“Well, you’ll see…you know who tonight.”
An exasperated sigh leaves me. “I can handle seeing Eli, Mom. Not like we’re going to talk to each other.”
Mom and Autumn share a look. One I don’t bother trying to decipher.
“Come on,” I say to my sister, nudging her out of the way so I can walk out the front door before her. “Let’s go.”
Autumn follows after me, and we both climb into her Mercedes SUV, taking off without saying much. I keep my hands clutched together in my lap, my mind running through the infinite possibilities of what might happen between Eli and me if we get a chance to talk after the game.
“Mom’s just worried about you,” Autumn says, as if she needs to fill up the silence. “She thinks you’re not over Eli.”
I consider what she said for a few seconds. “I’m not.”
Autumn sends me a quick startled glance. “You should hate him.”
“I sort of do,” I admit. “But I still love him, Autumn. We didn’t have any closure. He just—broke up with me over the phone and that was it.”

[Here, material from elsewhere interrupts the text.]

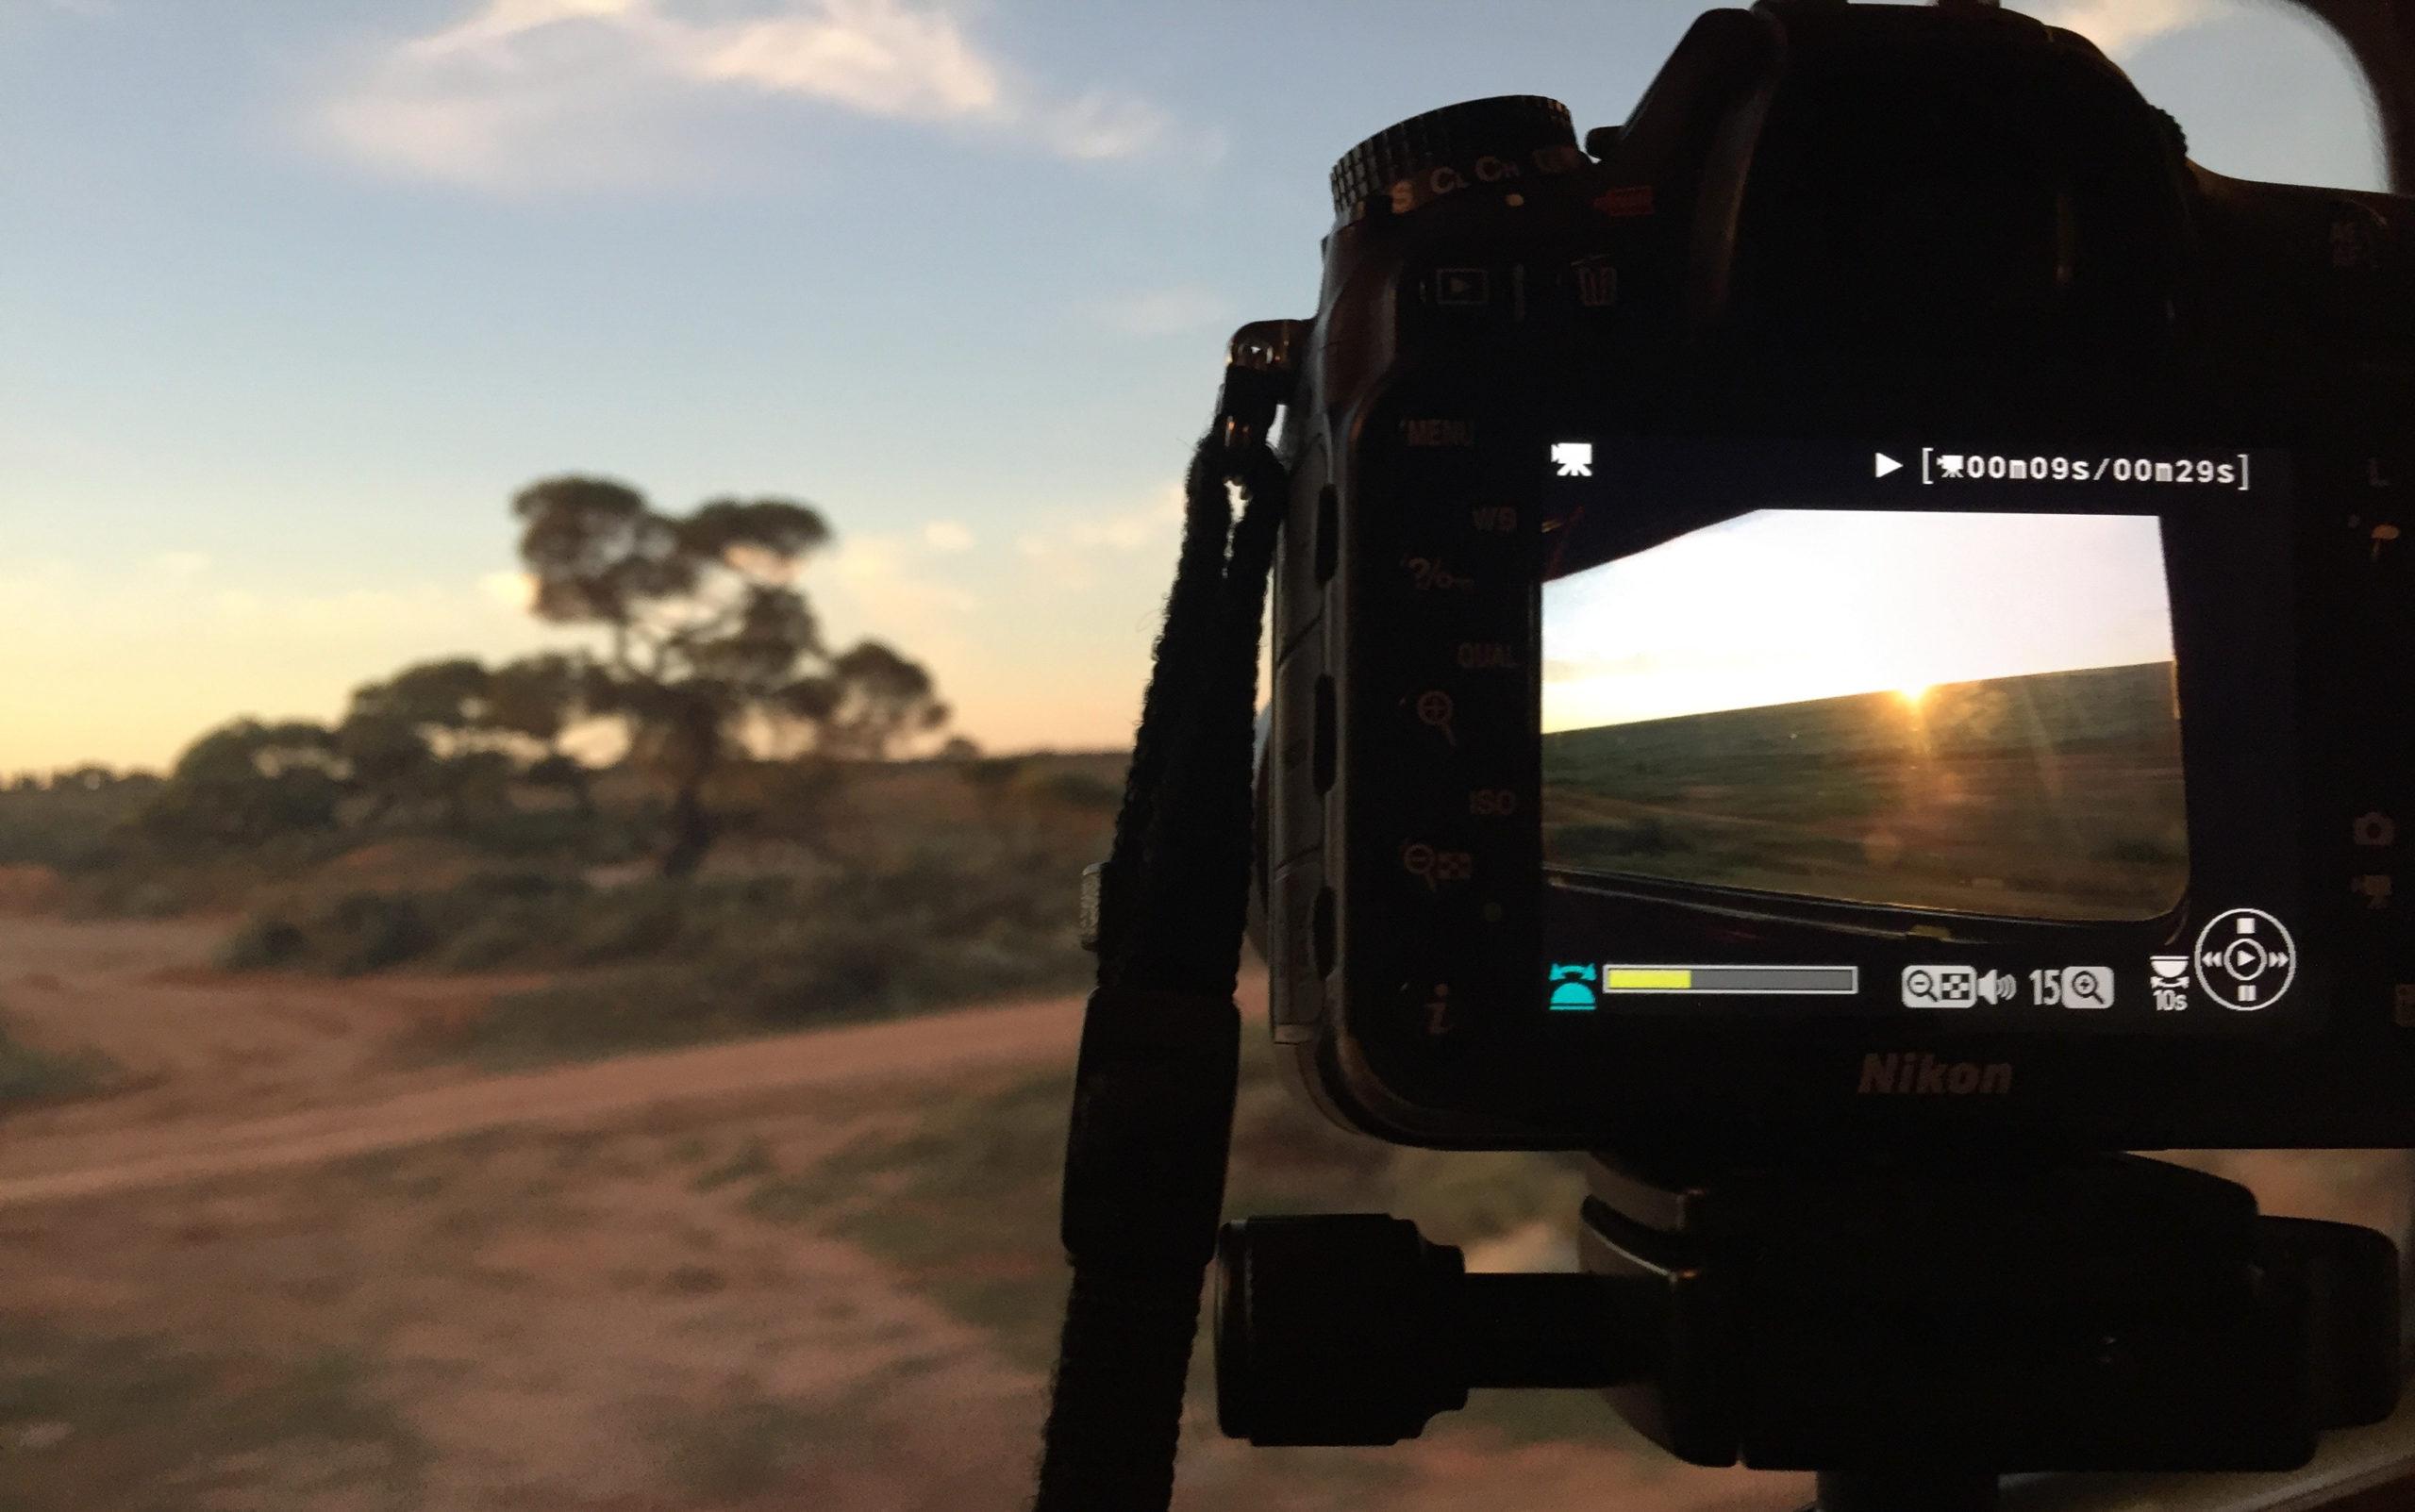 Blick durch die Kamera auf die Landschaft in Australien

“He’s such a dick,” she mutters under her breath, but I don’t acknowledge her, or agree with her either.
Because yes, Eli Bennett is a complete dick.

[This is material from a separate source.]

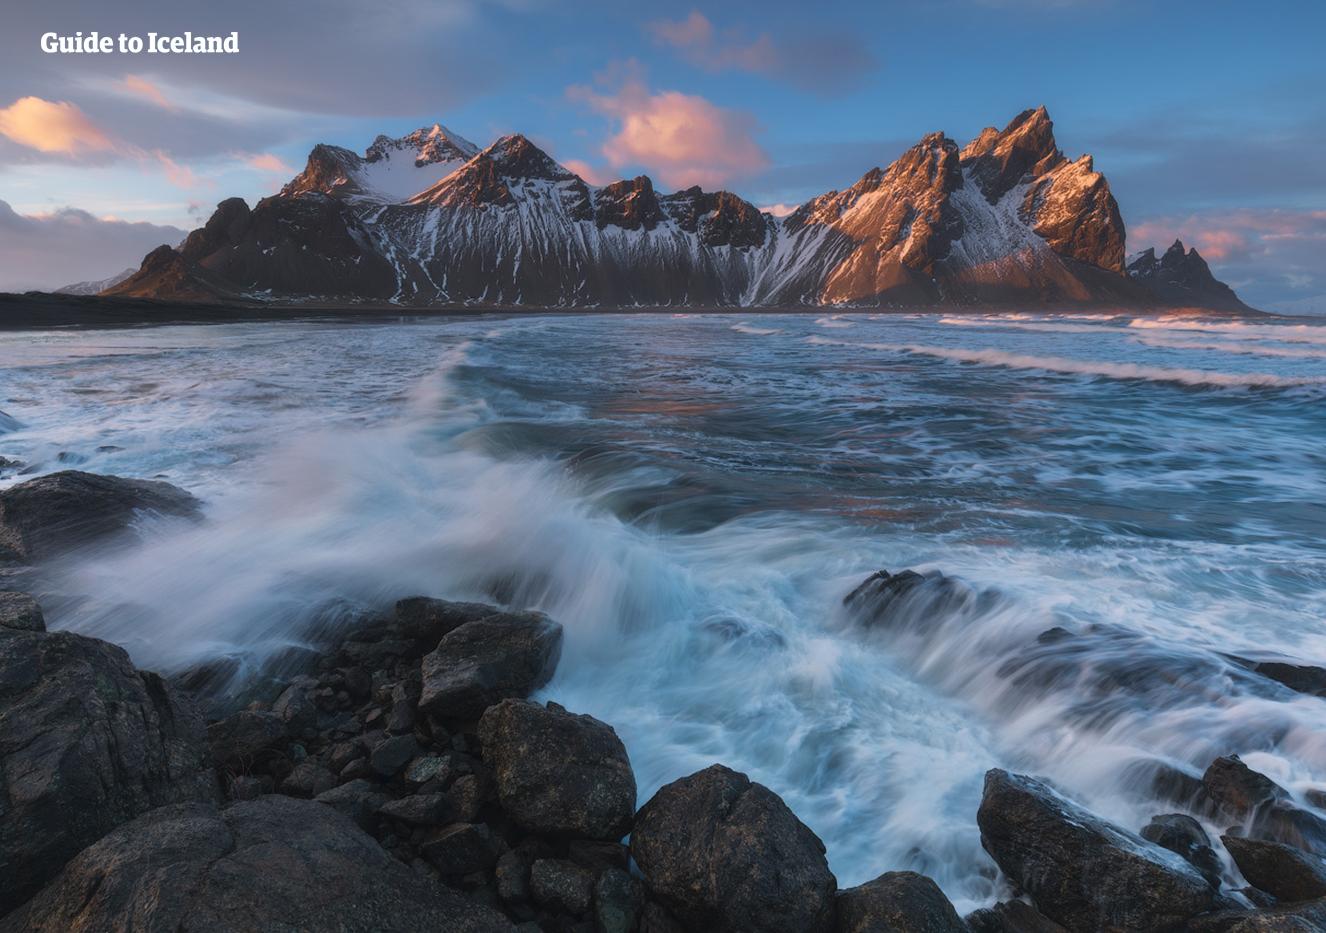 Góra Vestrahorn jest jednym z najczęściej fotografowanych obiektów na półwyspie Stokksnes.

But he’s also the love of my life. I can’t stop thinking about him.
No matter what I do, or where I’m at, he’s there. Lingering in the back of my mind, reminding me of what we once had.
And what we’ve now lost.
“He doesn’t deserve your love,” Autumn says, her voice stronger. “How he broke up with you was so…awful.”
“My leaving him felt like a betrayal,” I say, trying to understand where he was coming from. If anyone knows how he thinks, it’s me. I’ve been pretty much it for him over these last few years. “In his eyes, I did him wrong.”
“Complete nonsense.”
“Not to him.”
“Why are you defending him?”
“I don’t know,” I say with a shrug, staring out the window at the scenery passing by. “I’m trying to understand why he reacts the way he does.”

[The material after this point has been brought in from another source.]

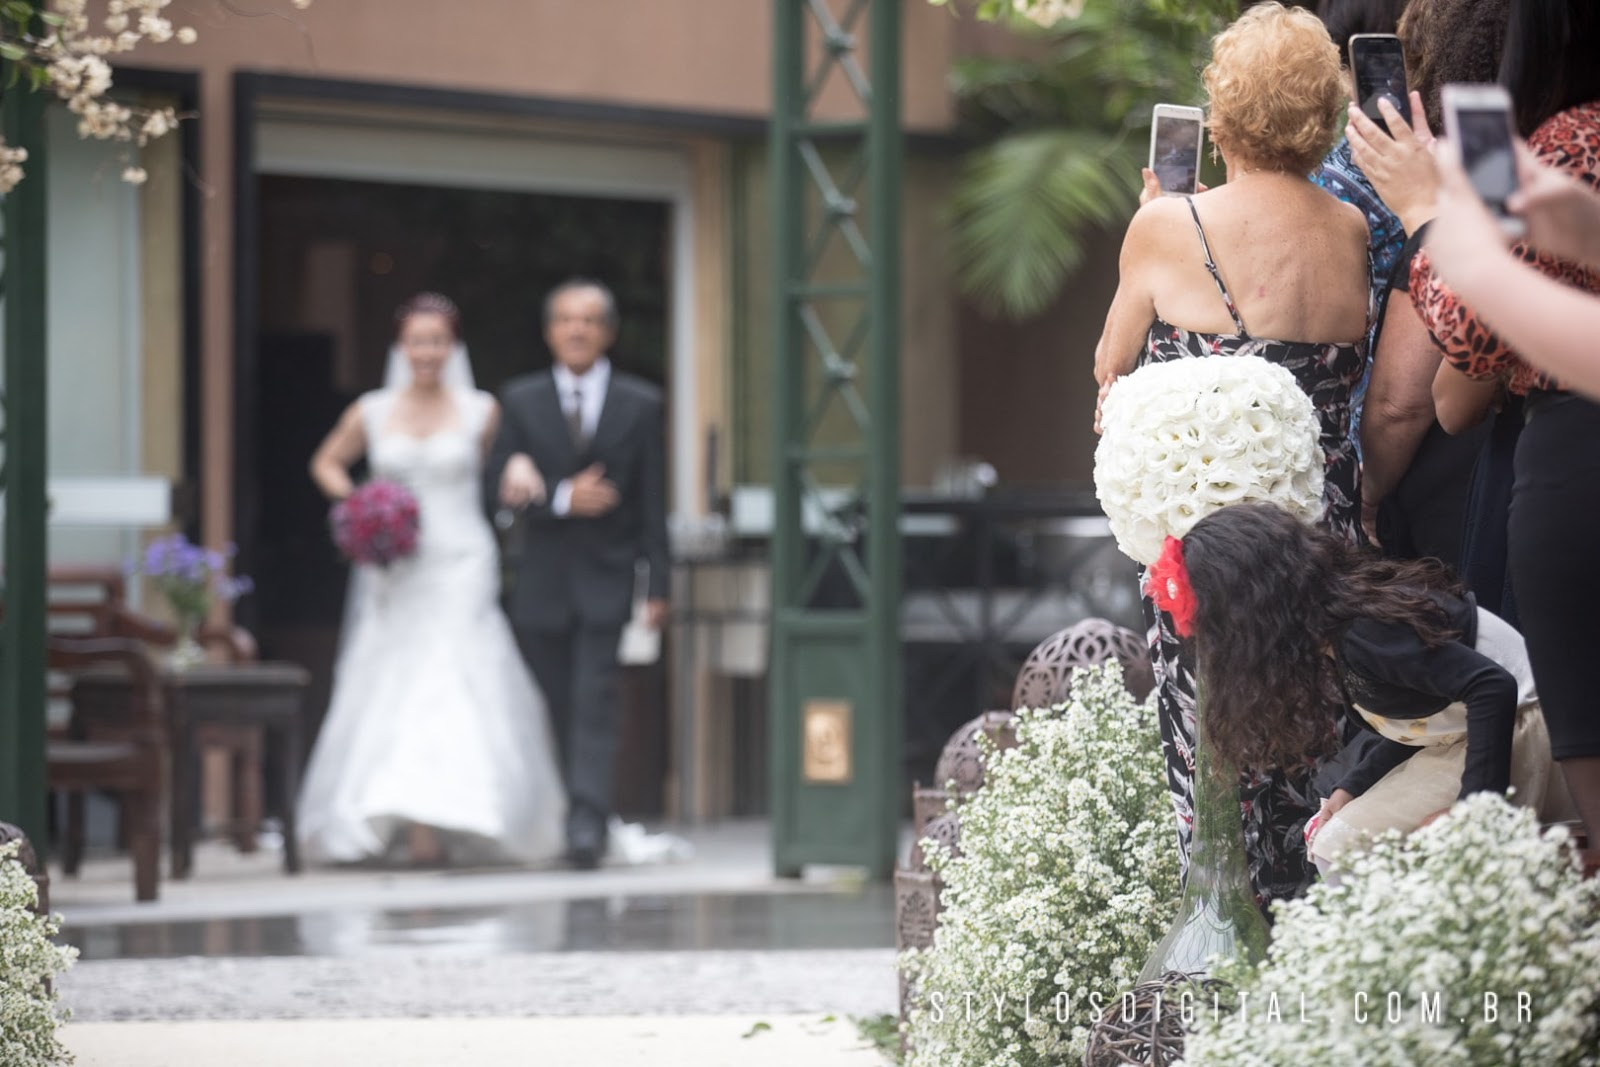 casamento Espaco vdara

“So you’re trying to understand how an asshole behaves?” Autumn retorts. “Don’t bother. We can never understand them.”
“Hasn’t Ash ever done something that’s infuriated you? You guys argue, I know you do,” I say, wanting her to admit that her relationship isn’t perfect. No matter how good it looks to everyone else.
I know my sister. She can be argumentative. We used to have some big fights when we were younger.
“We do, sometimes. It’s better lately. I think we appreciate each other more and make our time together count, since we’re apart a lot,” Autumn says.
“Eli and I used to do the same thing. Until I left him,” I say morosely.
“Please. You temporarily left for an opportunity you couldn’t pass up. What if he got an opportunity like yours? What if he got the chance to do something football-related for the summer that would entail him leaving for three months? You would’ve supported him, no questions asked,” she says.
“I don’t know what I would’ve done,” I say, because it’s the truth. It’s easy for me to say that yes, I totally would’ve supported him, but maybe I would’ve been mad. We would’ve argued. I could’ve asked him to choose football or me, right?
I frown. Maybe not. Football is important to him. I would never make him choose. I would’ve made it work, no matter what.
And that’s what fuels me for the rest of the drive down to Fresno. Knowing that I would’ve supported him no matter what, while he’s over there making rash decisions and deciding my fate for me.
He’s always been impulsive. Emotional. He says things he doesn’t mean, and sometimes, those things are hurtful.